Rihanna—you’re not innocent here. Your beauty is driving these lightskinded ninjas CRAZY! You need to figure out how you’re gonna roll. If you’re gonna roll with a dude who likes to bite and scratch you like a Puerto Rican-owned pitbull in heat, so be it. Own it. Doesn’t necessarily send the best message to young women and girls, but hey, YOLO! I will say that Drake seems like a stand up dude, and a Queen of your stature needs a brother who is nice with his hands who can hold you down like Ice T holds down Coco. I know women like to feel safe on some animal instincts type stuff, and if Chris Brown continues his wilding spree that wildlife will put his heifer-ass out to pasture.
Hey Drake: YOLO. YOU, my friend, are about that life.
What if Biz punched MC Shan behind having feelings for Roxanne Shante?
Nah. Hip hop was too real back n tha days. Shan woulda just stepped aside.

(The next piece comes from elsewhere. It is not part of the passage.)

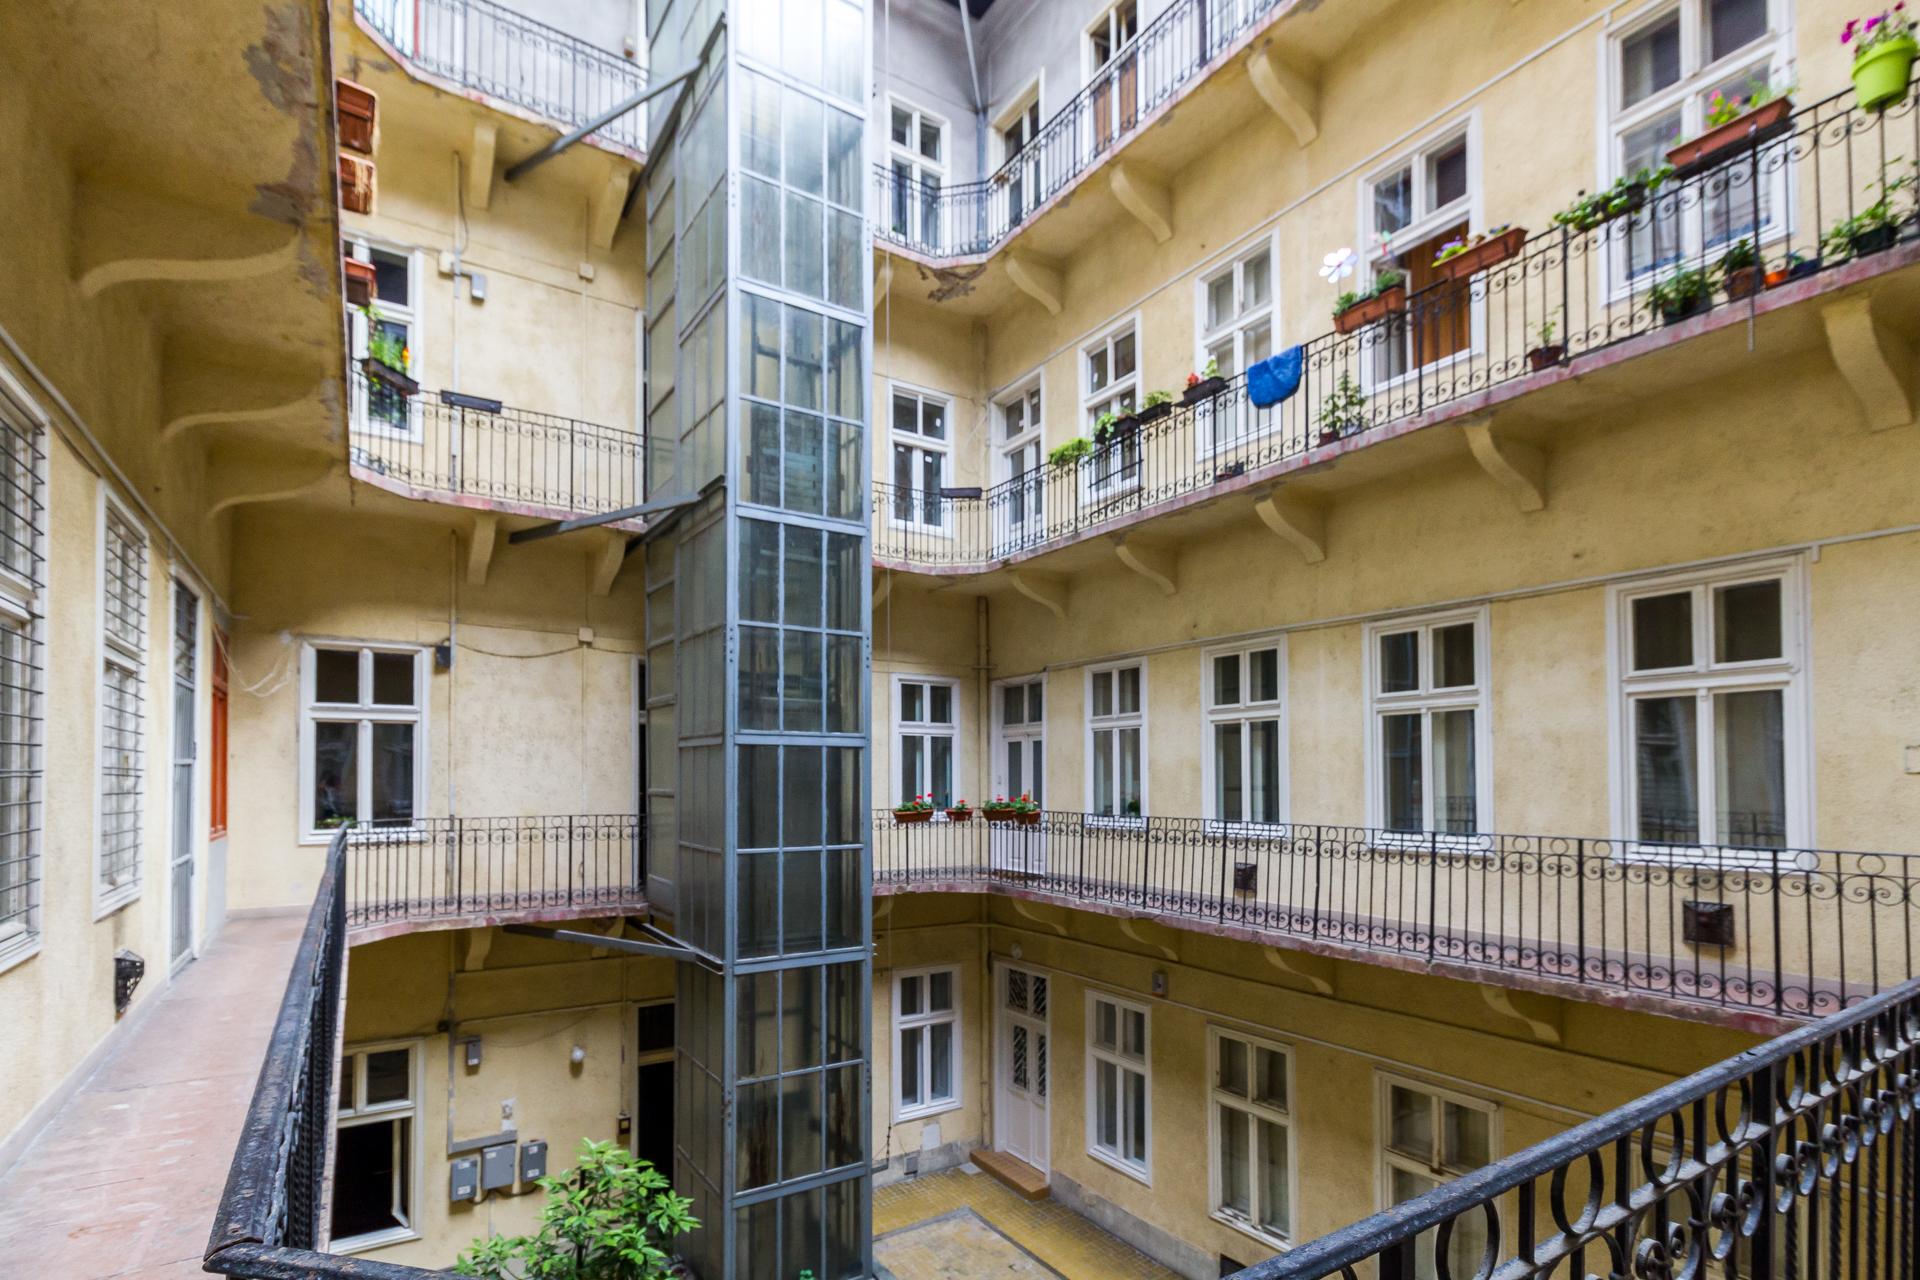 District 5, Kálmán Imre utca 23

Wait: it turns out that Chris Browm got buss in the head with a bottle–which seems closer to what I’d expect from Drake. Regardless, Drake has my respect. Really bold of you to pop and throw bottles, my G. That’s how Evelyn from Basketball Wives gets down (watch out now Ocho Cinco). Here’s what Brown had to say about the incident on Twitter:
“How u party wit a rich nigga that hate? Lol….Throwing bottles like girls? #shameonya! Niggas is pussy. Bottles? It’s nothing! Lol And I’m the singer? Niggas hiding in the bathroom bitch ass niggas! Ok! Niggas stand behind security!!!! Ok! U don’t pay them enough! Niggas throwing bottles! Y’all niggaz weak!”
Chris Brown, you sound like a highschooler who happens to be in a special class. Were you in a special class back in highschool, Chris Brown? No judgments, though. Some of us need additional help and many of us rise up out of the special classes. “LOL And I’m the singer?” LOL.
Where is Ralph Tresvant when you need him?